Wednesday, November 9, 2022

Impressions of Italy

 If you've been following me on Instagram (@mollyelkind) or Facebook you have already seen a few posts about our recent trip to Italy.  If you are tired of hearing about it, feel free to skip this post!  However, as the saying goes, wait. . . there's more!  I've just uploaded the photos from my actual camera (not my phone), and I've had some more time to digest what we saw and did, so I thought I'd share some further thoughts.  

We spent four days in Florence, where we were fully immersed in late medieval and Renaissance art, as one is in Florence.  One theme that struck me almost right away was the varied depictions of women in art, so here's a few of those that I didn't share on social media.  It should come as no surprise that the depiction of women in art is varied to say the least, perhaps even more so than that of men (generally depicted as heroes of some kind).  Women are varied.  A woman can be the mother of God, or the personification of poetry, music, and art, or any number of allegorical virtues, or the victim of rape, or the avenger of rape.  She can be the redeemed prostitute (in an outmoded conception of Mary Magdalen) or an idealized goddess.  In Renaissance painting she is most often a symbol, rarely an individual (with the exception of portraits of duchesses and so on). 

Botticelli, Madonna of the Pomegranate (detail), tempera on wood, c. 1487

Fra Angelico, Annunciation (detail), fresco, 15th c. 

Giorgio Vasari, allegorical personification of Art, Casa Vasari, fresco, 16th  c.

Botticelli, Fortitude, tempera on wood, 1470 

Titian, La Maddalena (the Magdalen), detail, 15th c. 

Artemisia Gentileschi, Judith Slaying Holofernes (detail),  oil on canvas, 1620-21. 

After our time in Florence we joined a Road Scholar tour group on a tour of "hidden villages of Tuscany and Umbria."*  In those places the vibe was definitely medieval, if not Roman and Etruscan.  The tiny walled towns with their towers, castles, and steep narrow streets were incredibly picturesque and fun to explore.  But after having guided tours of Anghiari, Cortona, Arezzo, Gubbio, Spoleto, Perugia, and Orvieto, it became clear that these beautiful towns are the relics of a time of constant war, among competing tribes and dukedoms, the Pope(s) and foreign powers.  Hence the defensive walls, towers and castles.  

Wall in Anghiari 


The towns also contain awe-inspiring churches and cathedrals and stunning art. The art is entirely on religious and classical themes.  Even I, with my long-standing interest in depictions of the Virgin Mary, found my eyes glazing over after seeing so many Madonnas.  So I started noticing other things--the evocative fragmentary frescoes, the play of light through stained glass, the layers of patterns everywhere.  After a time I found that I enjoyed the austere, heavy Romanesque churches with limited decoration as a refreshing counterpoint to the lavish Gothic cathedrals.  

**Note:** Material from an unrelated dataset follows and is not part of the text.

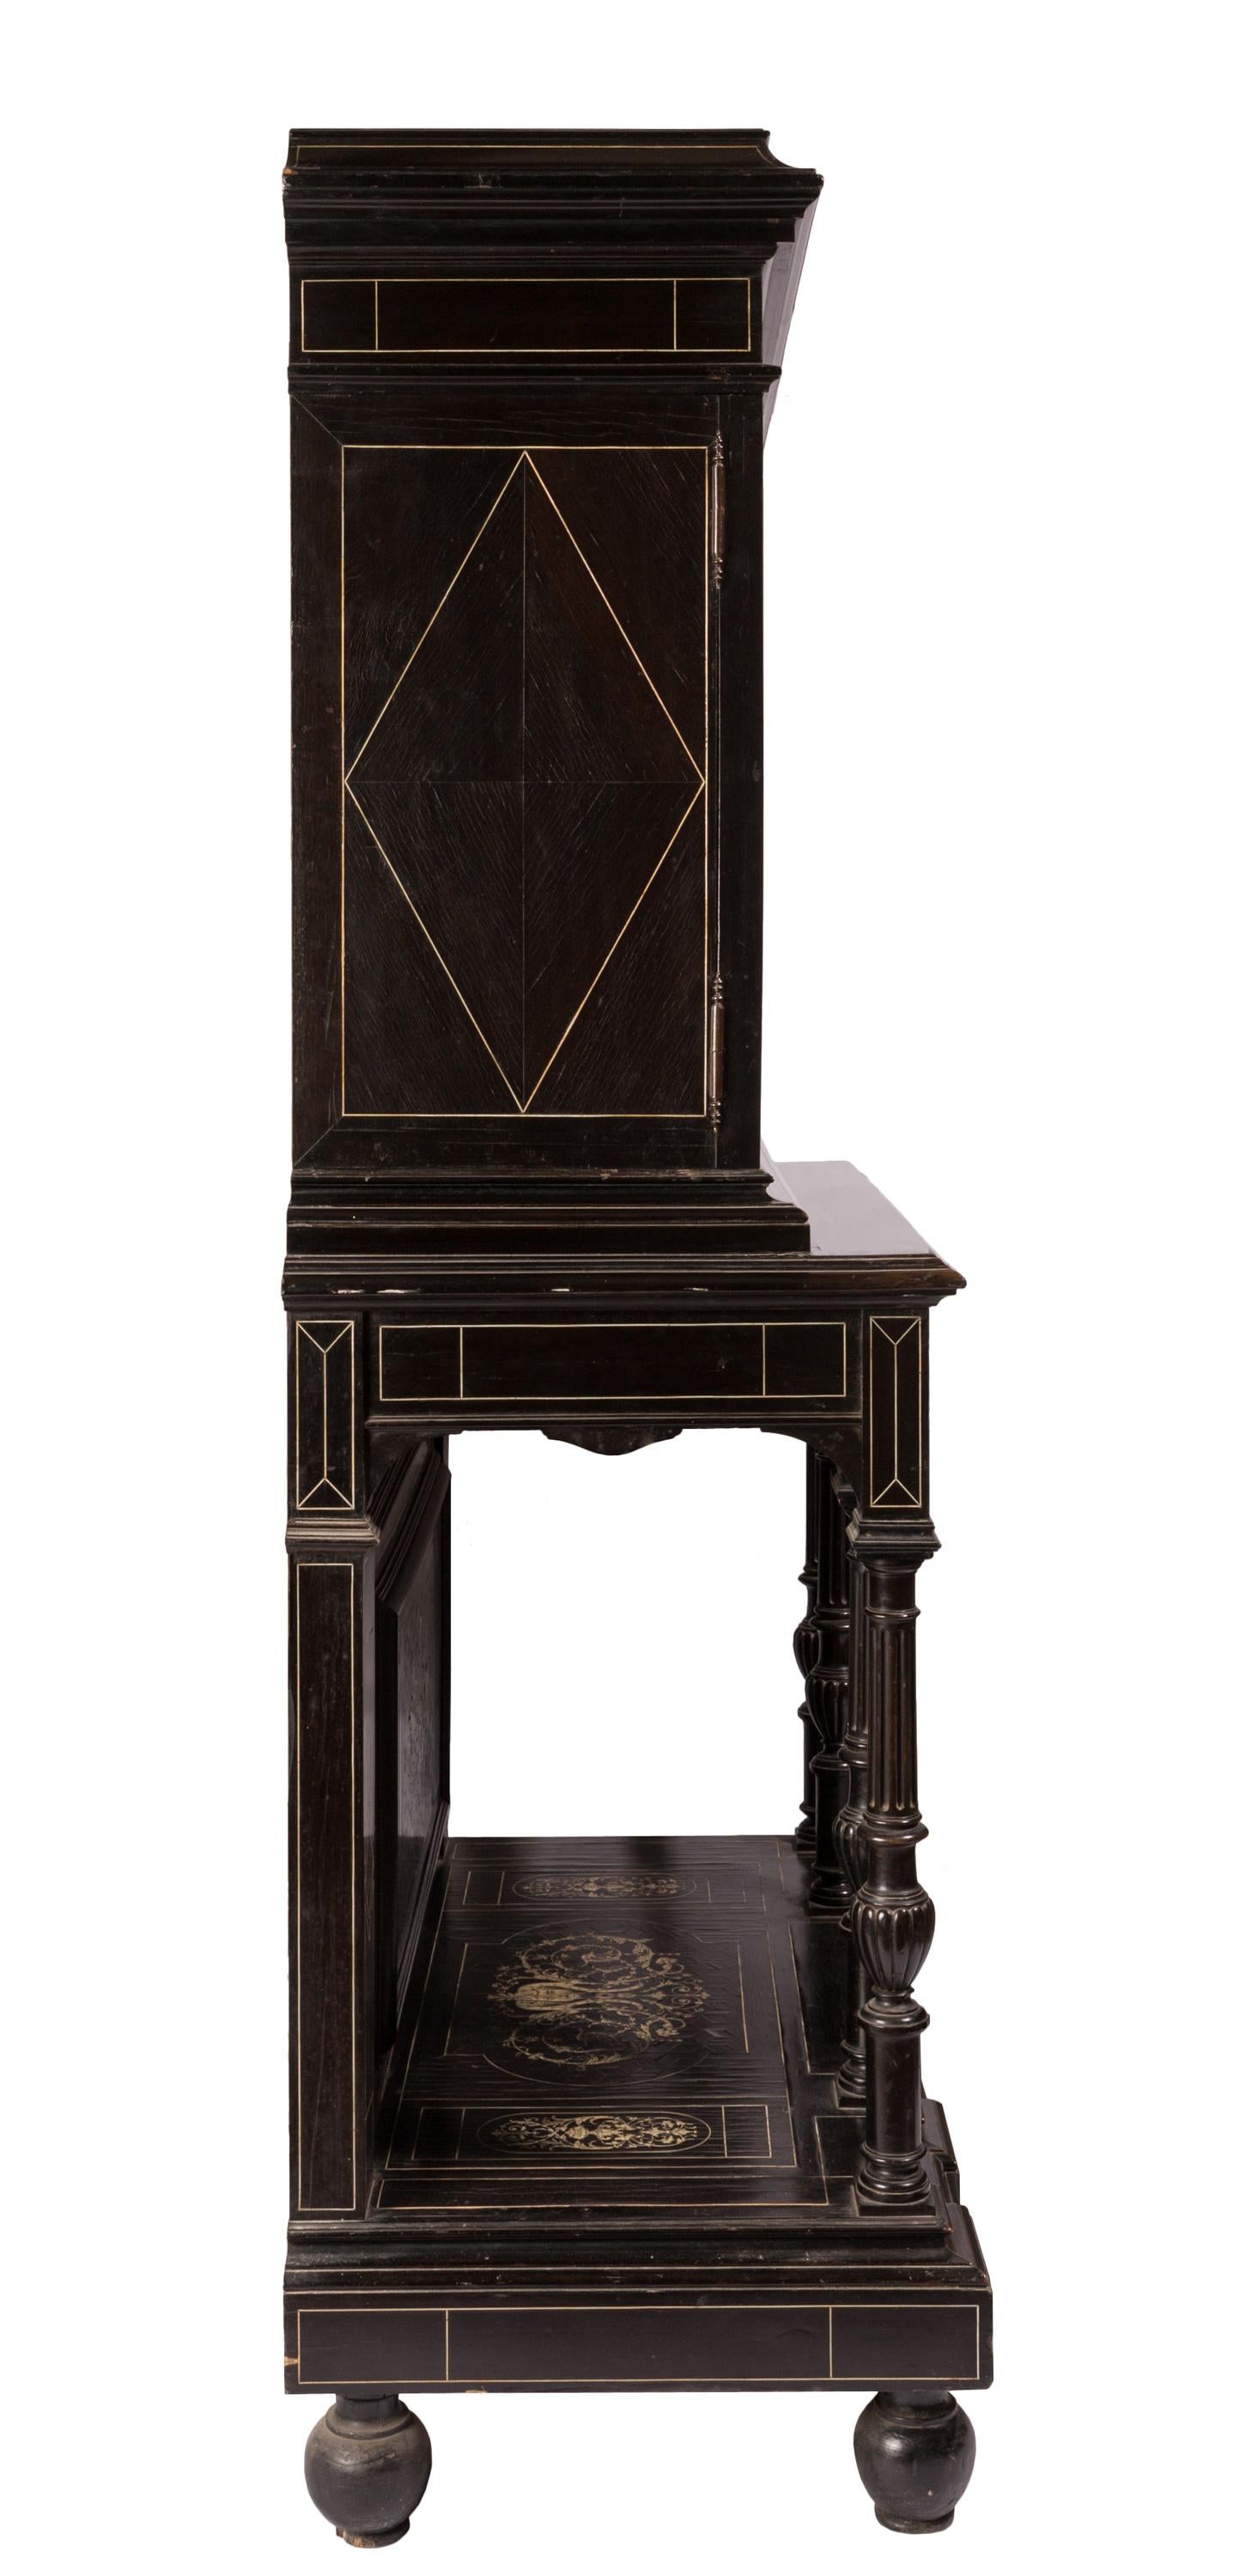 Other 19th Century Florentine Ebony with Bone Inlay Mannerist Cabinet
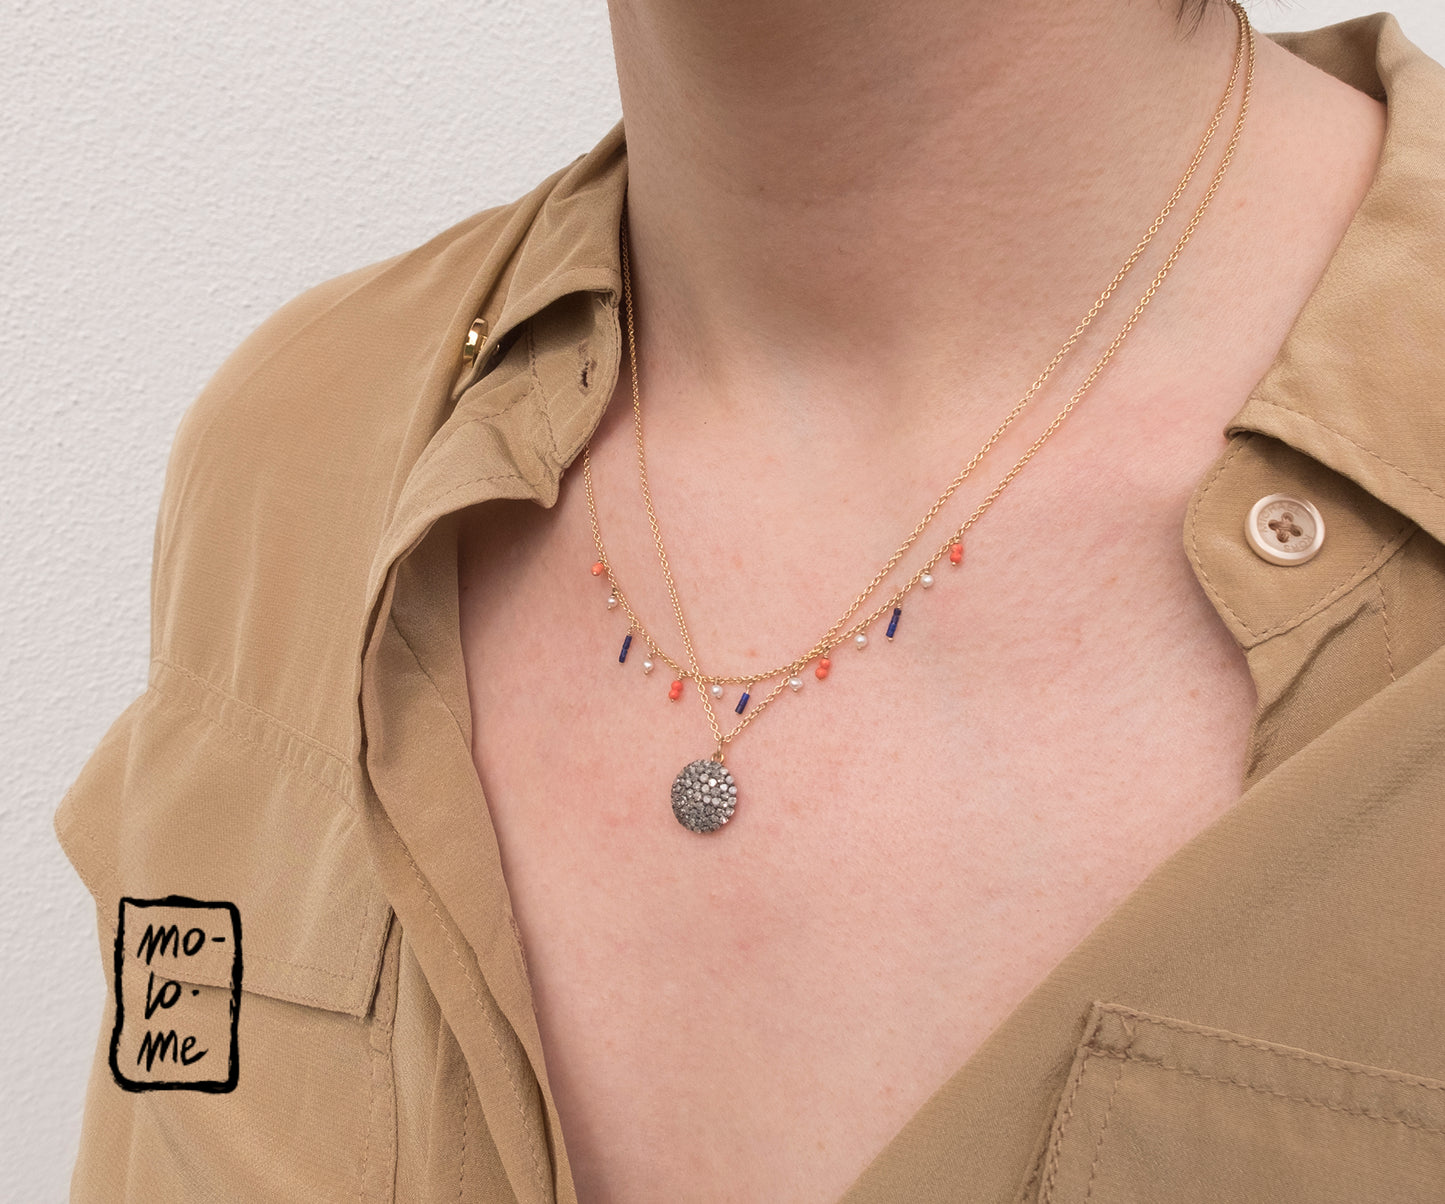 Molo Me Diamond Disc Necklace and Parisian Fringe Necklace on a model

My thoughts turned to how we experience the sacred, specifically where, when and in whom (or in what) it is embodied for us, beyond theological doctrine.  Even more, how do we attempt to capture and hold on to that experience?  We make paintings, churches, cathedrals, and pilgrimage sites.  And we make our own small gestures of devotion in public places, even today.  We try to link the numinous sacred to the visible and tangible, so that we can touch that experience again and again.  Pilgrims at La Verna, a site sacred to St. Francis, used what was at hand to fashion crosses.

I don't think there will be any direct influence of what I saw in Italy on my own work, except perhaps to nudge me to explore again the impact of pattern.  The world has changed in 500 years, and what we expect art to be and do has changed with it.  My own work now is mostly about place and landscape, and that is virtually non-existent in Renaissance art.  But for me it was, in the end, inspiring and consoling to see that not only can we create works of art that embody our highest hopes for what humans can be and do, we continue to be moved by that art centuries later. 

Sunrise and fog over Anghiari

*If you hit this link to Road Scholar's site, you will find that the tour's title and itinerary have been tweaked slightly from the one we experienced.